**What needs to be done:** Copy out and return the lines from the one holding "Vichy Crème Anti-sècheresse" to the end of the listing below, both included, omitting the pictures.

**Information supplied:**
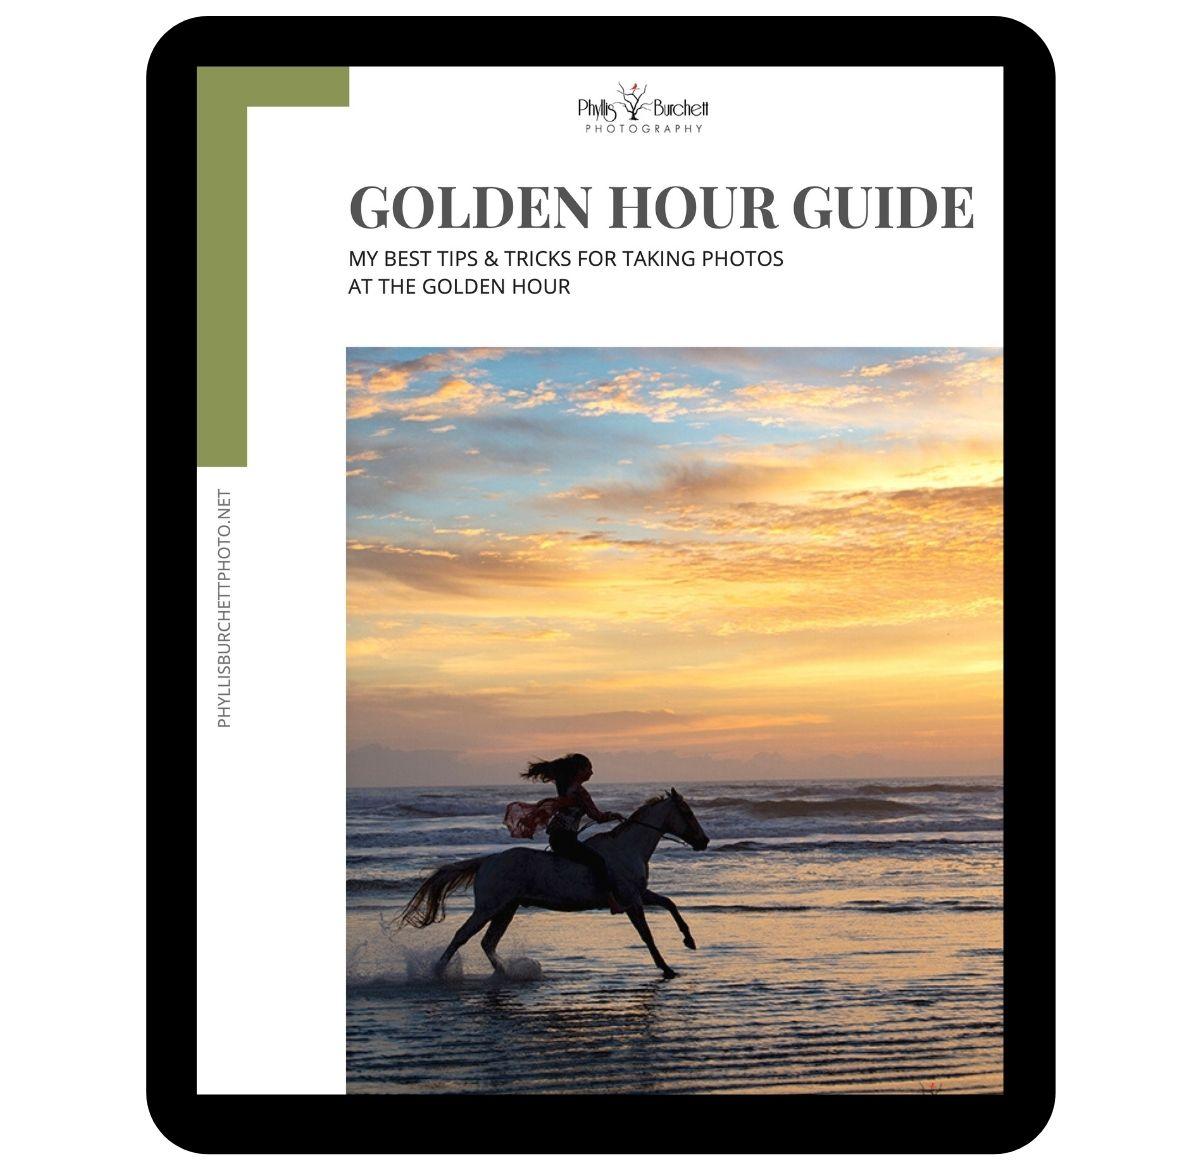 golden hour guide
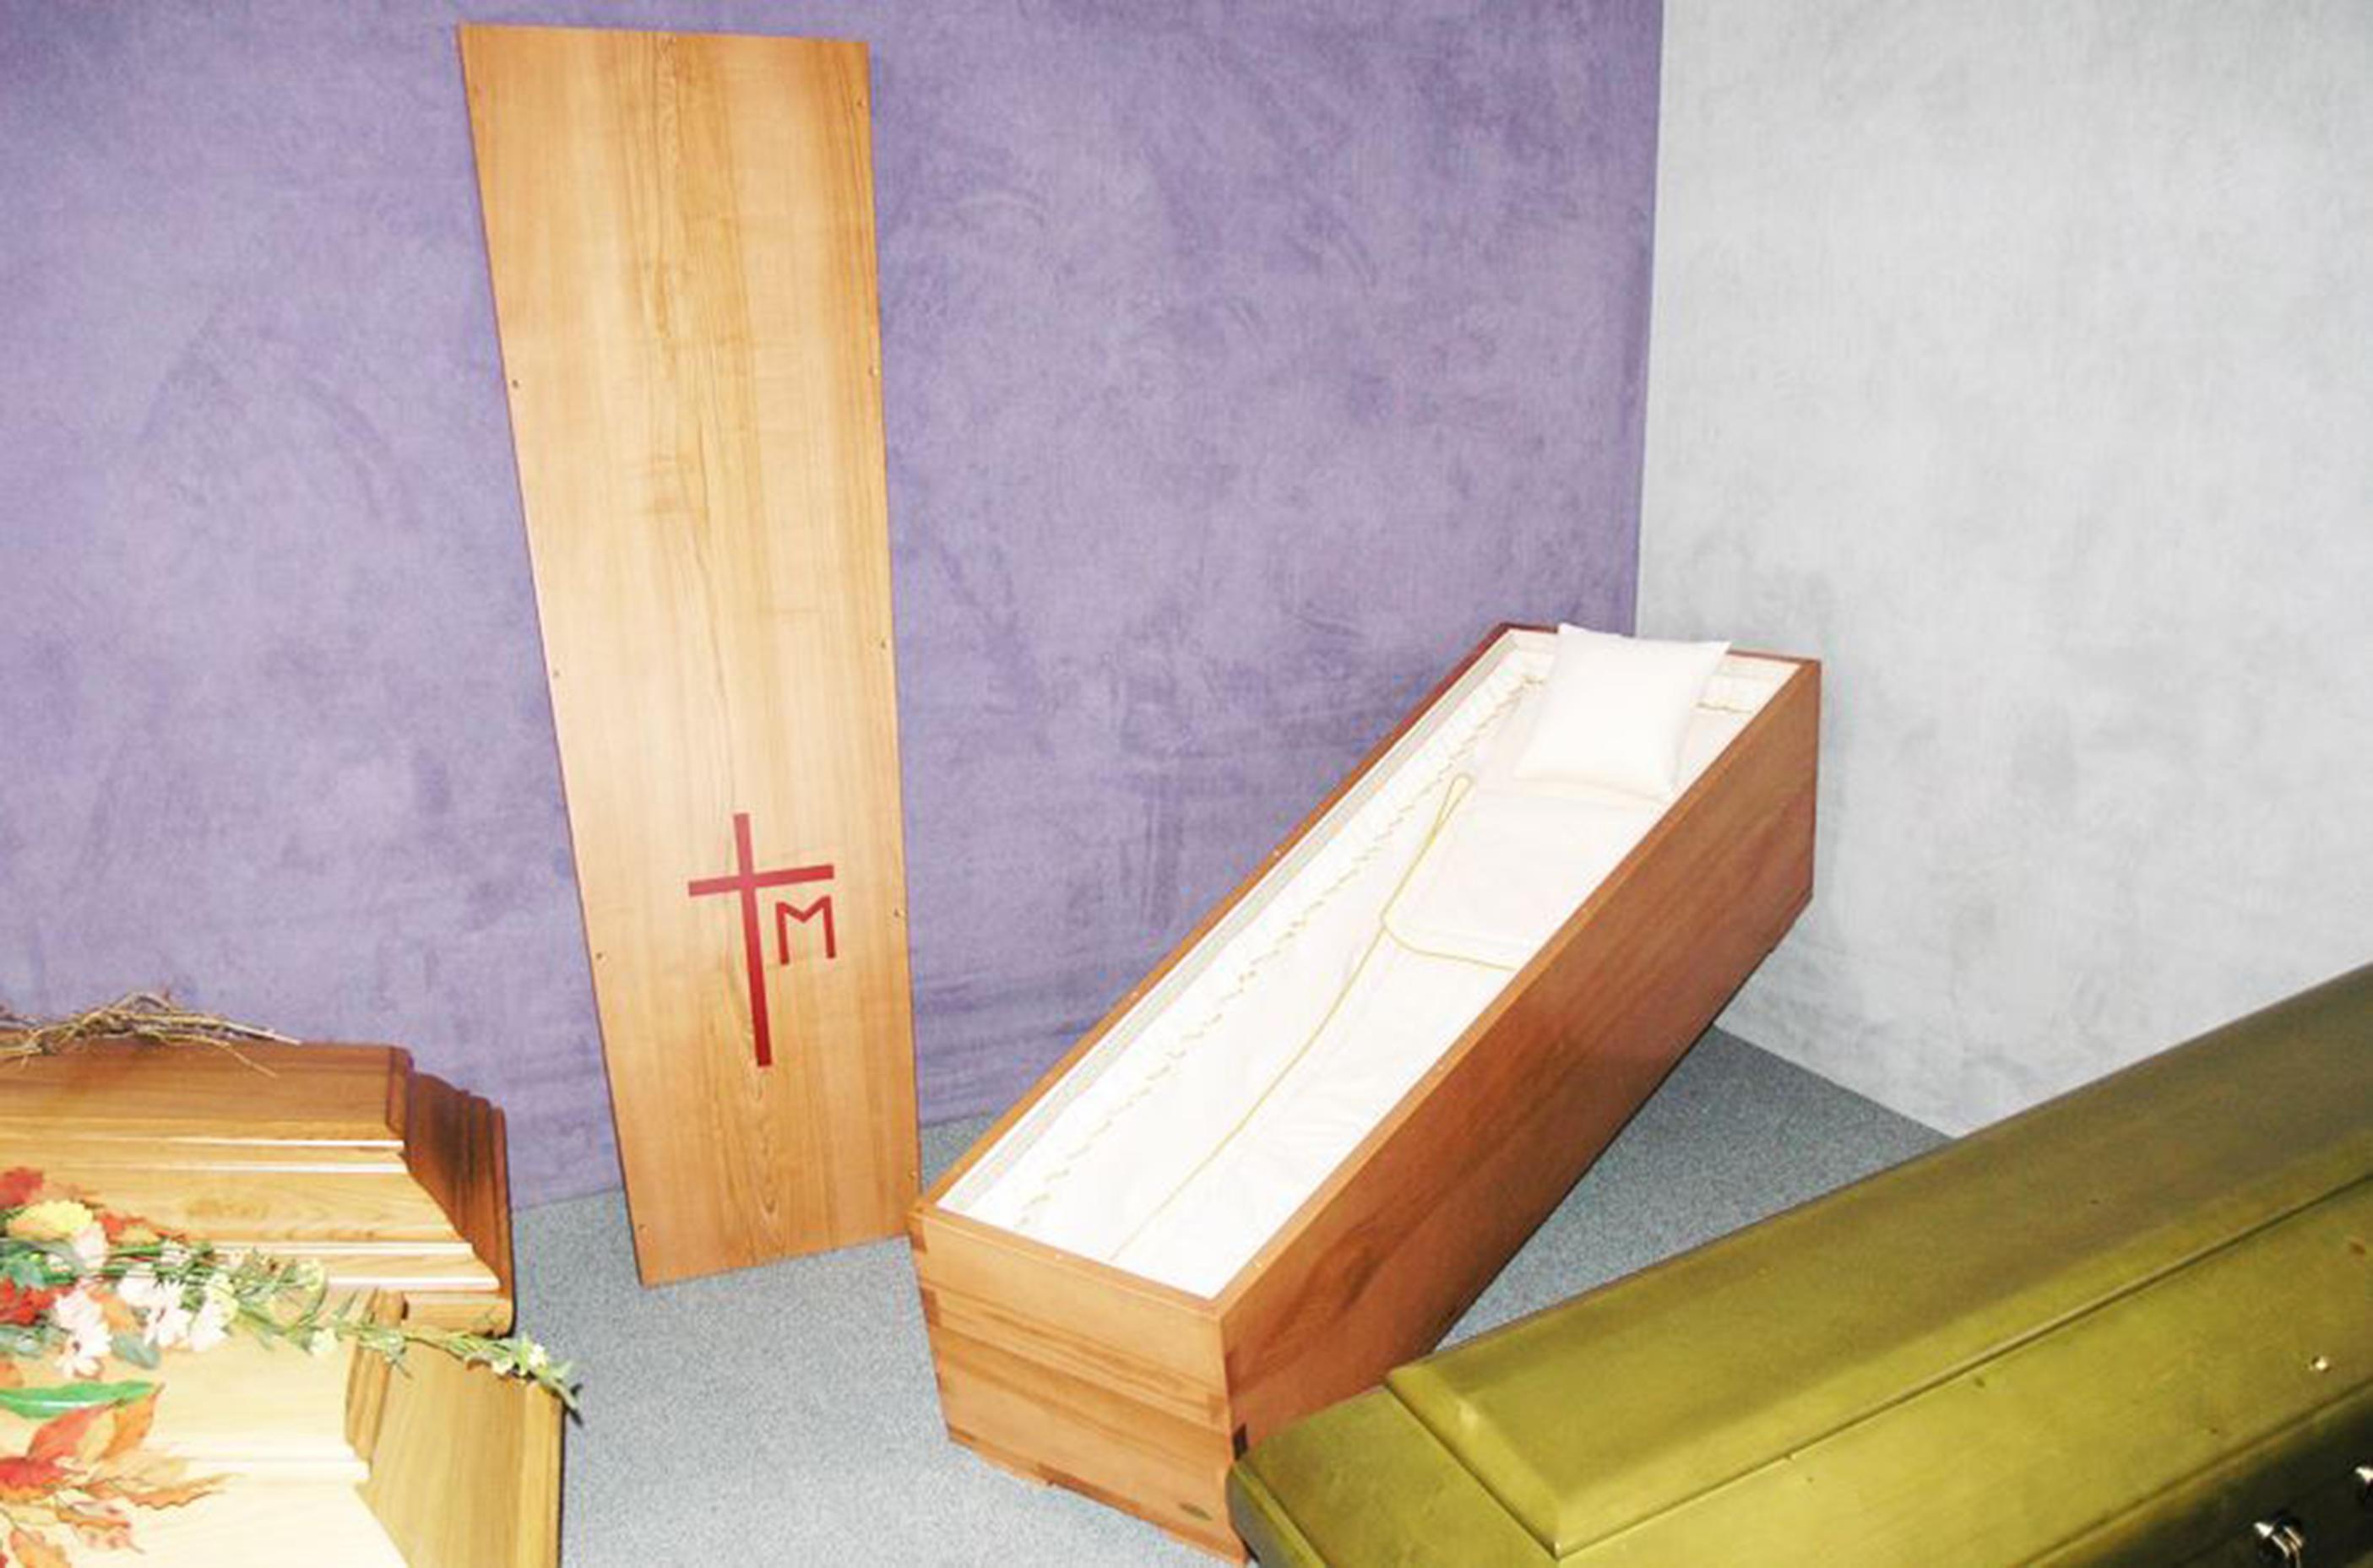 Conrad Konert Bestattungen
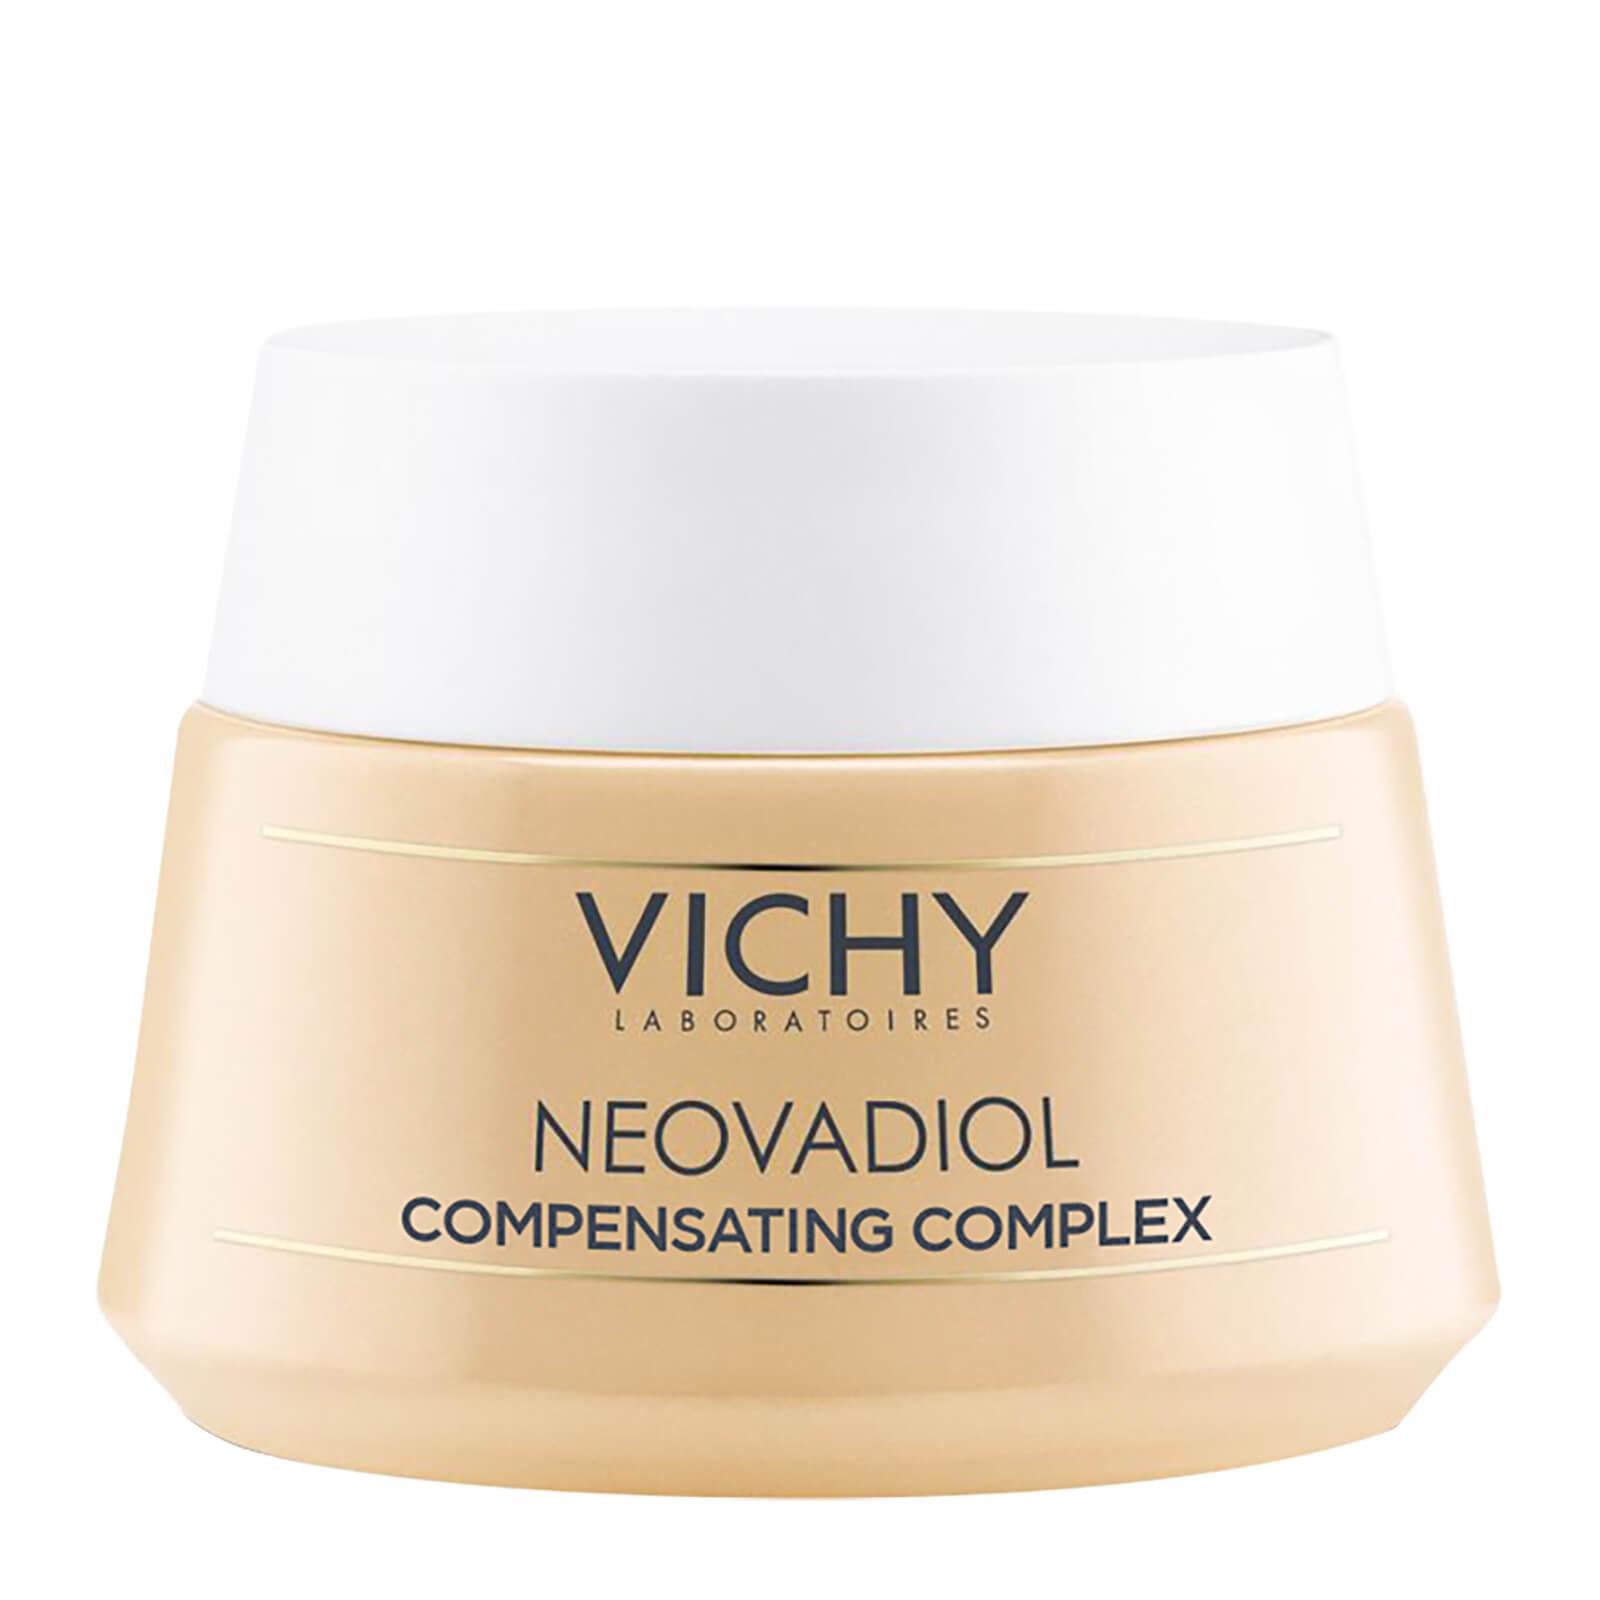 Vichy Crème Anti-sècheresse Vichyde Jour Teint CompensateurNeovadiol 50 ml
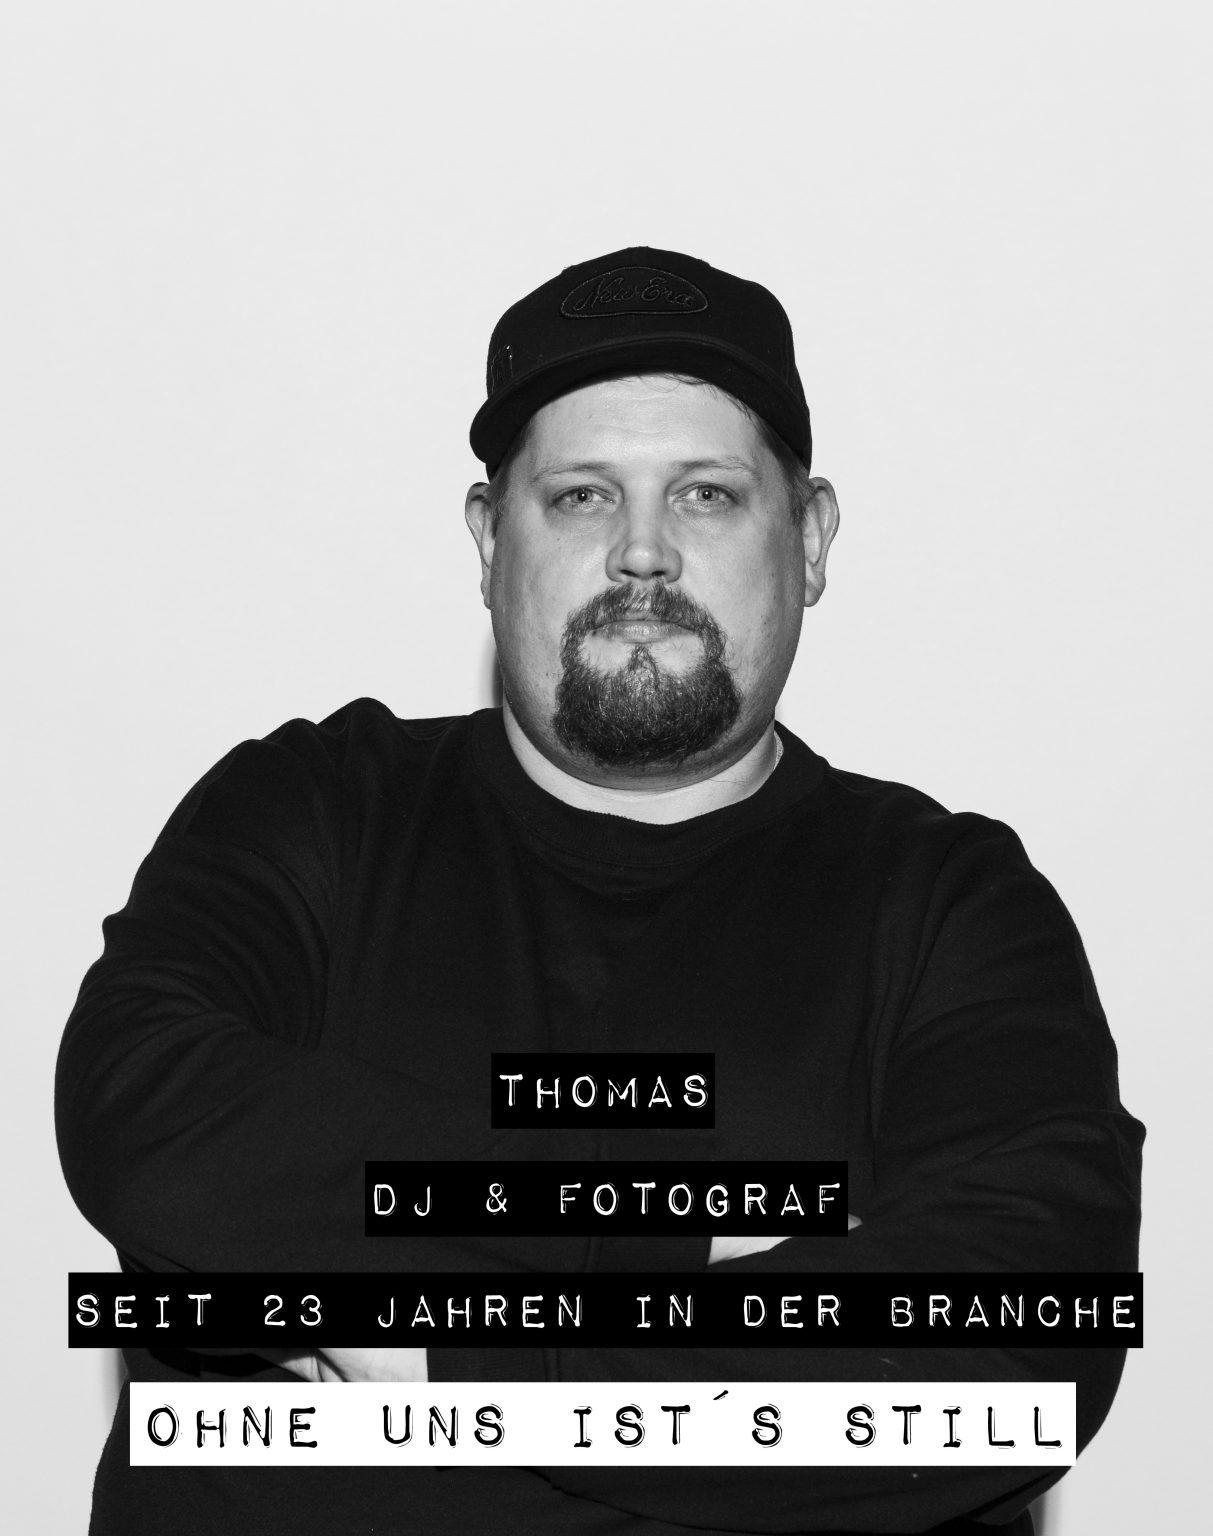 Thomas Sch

**Response:**
 Vichy Crème Anti-sècheresse Vichyde Jour Teint CompensateurNeovadiol 50 ml
 Thomas Sch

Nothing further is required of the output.